» **ASSIGNMENT**:
Every line below between the one holding "Handtasche von Diane" and the one holding "تاریخچه جواهرات ثابت", inclusive, should be copied exactly, and no other line.

» **THE DATA**:
..........

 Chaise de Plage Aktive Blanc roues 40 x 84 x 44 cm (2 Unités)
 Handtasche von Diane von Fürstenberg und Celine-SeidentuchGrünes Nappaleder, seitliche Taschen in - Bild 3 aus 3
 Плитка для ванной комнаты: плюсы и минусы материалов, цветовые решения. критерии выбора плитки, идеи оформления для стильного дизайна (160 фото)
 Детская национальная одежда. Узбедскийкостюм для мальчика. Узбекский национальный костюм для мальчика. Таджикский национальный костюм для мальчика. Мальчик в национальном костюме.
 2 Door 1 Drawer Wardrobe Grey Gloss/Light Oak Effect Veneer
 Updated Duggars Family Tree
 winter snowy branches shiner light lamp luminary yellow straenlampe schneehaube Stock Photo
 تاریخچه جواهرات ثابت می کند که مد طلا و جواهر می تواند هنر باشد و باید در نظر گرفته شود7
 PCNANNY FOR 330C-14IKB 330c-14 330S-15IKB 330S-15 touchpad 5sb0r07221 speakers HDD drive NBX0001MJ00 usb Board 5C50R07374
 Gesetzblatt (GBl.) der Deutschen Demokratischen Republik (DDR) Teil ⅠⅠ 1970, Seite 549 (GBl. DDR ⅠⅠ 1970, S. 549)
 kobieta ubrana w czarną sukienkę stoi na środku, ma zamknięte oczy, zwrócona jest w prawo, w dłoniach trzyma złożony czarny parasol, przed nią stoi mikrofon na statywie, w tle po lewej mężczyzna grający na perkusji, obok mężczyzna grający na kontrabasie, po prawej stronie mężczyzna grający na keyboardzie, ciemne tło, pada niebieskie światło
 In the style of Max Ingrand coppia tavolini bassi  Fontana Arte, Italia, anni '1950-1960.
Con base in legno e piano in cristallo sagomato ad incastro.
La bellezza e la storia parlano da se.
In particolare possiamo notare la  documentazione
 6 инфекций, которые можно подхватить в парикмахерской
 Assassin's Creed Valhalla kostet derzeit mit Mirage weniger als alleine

..........

» **RESPONSE FOR THIS EXERCISE**:
 Handtasche von Diane von Fürstenberg und Celine-SeidentuchGrünes Nappaleder, seitliche Taschen in - Bild 3 aus 3
 Плитка для ванной комнаты: плюсы и минусы материалов, цветовые решения. критерии выбора плитки, идеи оформления для стильного дизайна (160 фото)
 Детская национальная одежда. Узбедскийкостюм для мальчика. Узбекский национальный костюм для мальчика. Таджикский национальный костюм для мальчика. Мальчик в национальном костюме.
 2 Door 1 Drawer Wardrobe Grey Gloss/Light Oak Effect Veneer
 Updated Duggars Family Tree
 winter snowy branches shiner light lamp luminary yellow straenlampe schneehaube Stock Photo
 تاریخچه جواهرات ثابت می کند که مد طلا و جواهر می تواند هنر باشد و باید در نظر گرفته شود7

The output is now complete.